Al-Adeimi understands the difficult position the United Nations is in, since it depends heavily on donations from Saudi Arabia, the United Arab Emirates, and the United States. But she is dismayed by what she calls its “all-siding” the war—addressing the conflict as though it were between evenly matched opponents.
“One hundred thousand Yemenis have been killed,” Al-Adeimi says. “The Yemenis don’t have even one plane, much less fighter jets and warships!”
On March 27, the Trump Administration suspended aid to Houthi-controlled areas of Yemen, where 70 percent of Yemen’s population live. It accuses the Houthis of obstructing aid deliveries. Meanwhile, the Saudis are enforcing a blockade on all of Yemen’s land, sea, and airports, forcing its population into dependence on relief organizations.
Aisha Jumaan, a Yemeni who works as an epidemiologist in Washington State, says the effect of these aid cuts was immediate. She worries that Yemen may be manipulated by donors who can threaten to withhold desperately needed food, medicine, water, and fuel.
Jumaan and her organization, the Yemen Relief & Reconstruction Foundation, along with Oxfam, the Norwegian Refugee Council, and the Yemeni Alliance Committee, are urging the United States to reconsider its aid suspension, to give Yemen all possible resources to prevent and respond to COVID-19.
In May 2017, the Saudi-led coalition’s war against Yemen had clearly gone on longer than predicted. Crown Prince Mohammed bin Salman appeared on national television and asked the Saudis to be patient.
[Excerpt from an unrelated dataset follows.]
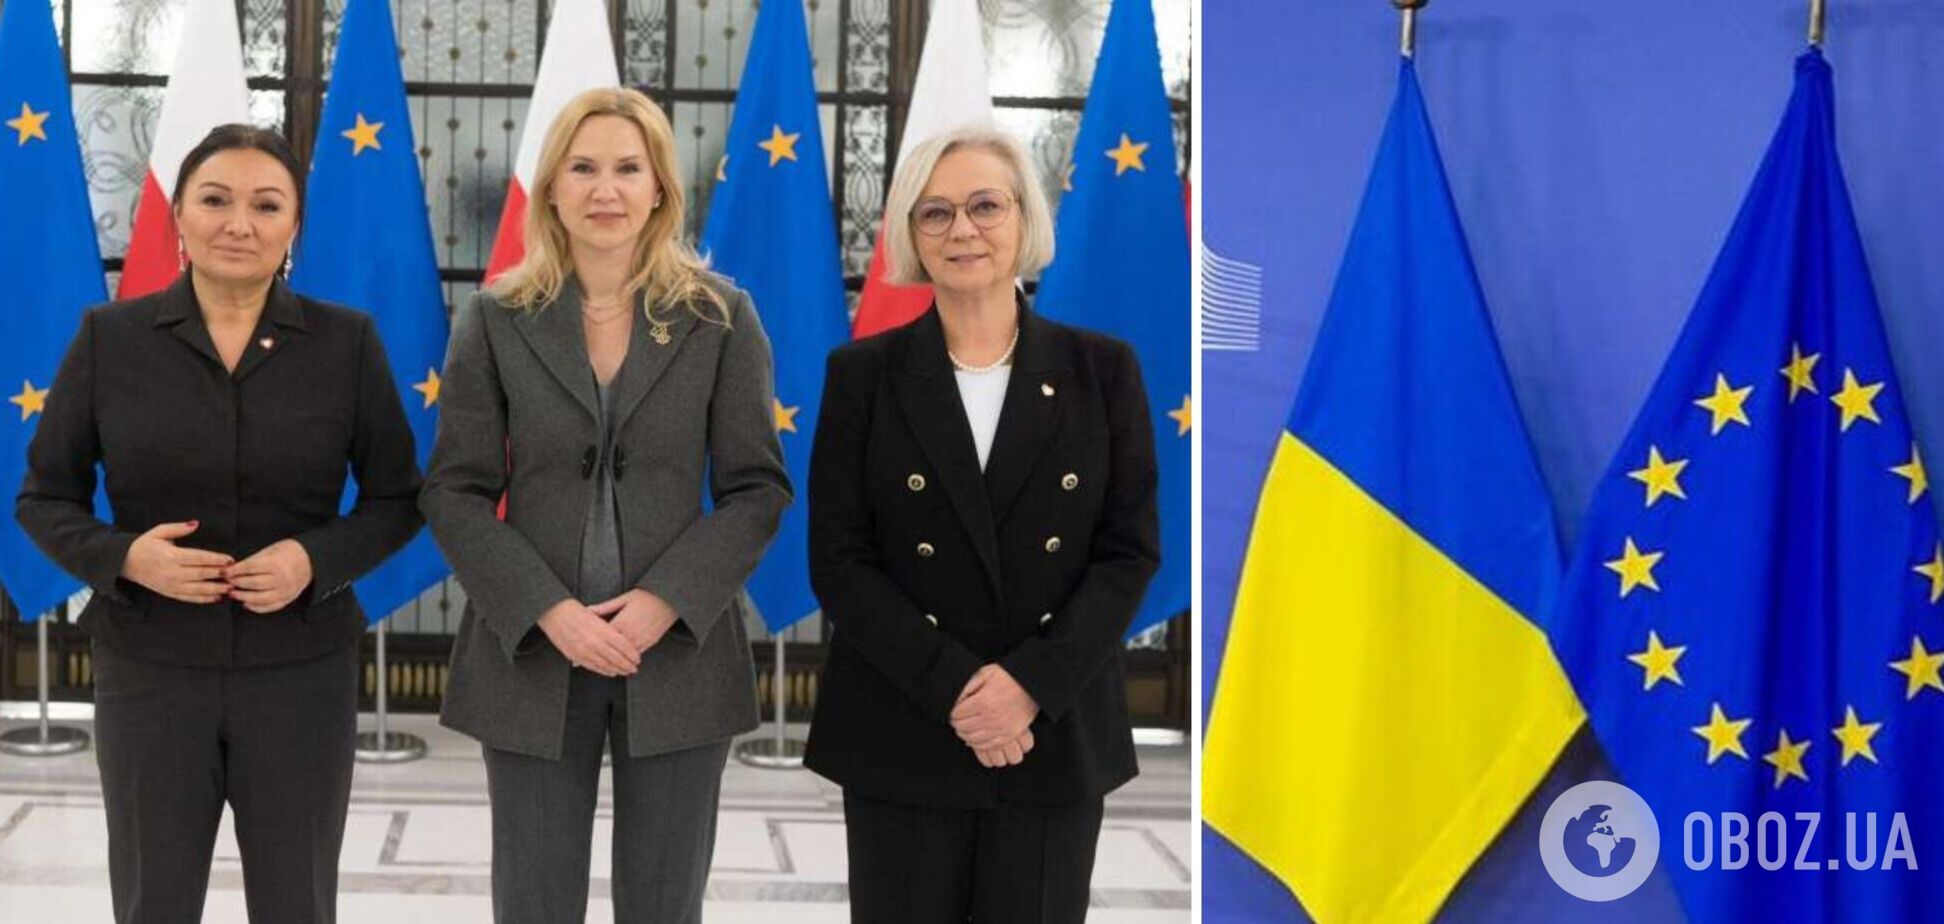 Вице-спикер Кондратюк обсудила поддержку вступления Украины в ЕС с новым руководством Сейма Польши

He said having a dialogue with the rebels was not possible, so the coalition was waiting them out, adding “Time is in our favor.”
Three years later, the war is still dragging on, and the flow of weapons from the United States continues unabated. Even now, in a shipyard in Marinette, Wisconsin, Lockheed Martin has a multibillion-dollar contract to build four Littoral Combat Ships, which will be delivered to Saudi Arabia.
In 2019, the investigative website Bellingcat reported that eleven individual U.S. states plus the District of Columbia have each exported more than $100 million worth of weapons to Saudi Arabia and the United Arab Emirates. Altogether, the United States provided up to $6.8 billion in weapons including bombs, rocket launchers, and machine guns through March 2019.
Some of these weapons may be linked to war crimes. Identifying marks on U.S. bombs used in the 2018 Dahyan bus bombing, which killed forty children and eleven adults, linked back to a Lockheed Martin plant in Pennsylvania.
On a monthly basis, Saudi Arabia’s state-owned shipping company, Bahri, sends cargo ships to Wilmington, North Carolina, the Port of Baltimore and other U.S. ports, to collect bombs, grenades, cartridges, and defense-related aircraft. The United States also supplies weapons to Bahrain and other countries actively participating in the Saudi-led war against Yemen.
On April 8, the Saudi-led coalition declared a unilateral two-week ceasefire, expressing concern about the spread of COVID-19. But within days, the Houthis were battling groups loyal to the coalition, which retaliated with dozens of air strikes. The Houthis had already issued their own proposal for ending the war and insisted that no durable peace could be achieved without the withdrawal of foreign troops and a termination of the blockade.
When the two-week ceasefire expired, a spokesperson for the Saudi-led coalition announced a month-long extension. Yet there were numerous reports of continued coalition air strikes. The Saudis may want to extricate themselves from the war, but so far they haven’t stopped the bludgeoning air strikes or lifted the blockade.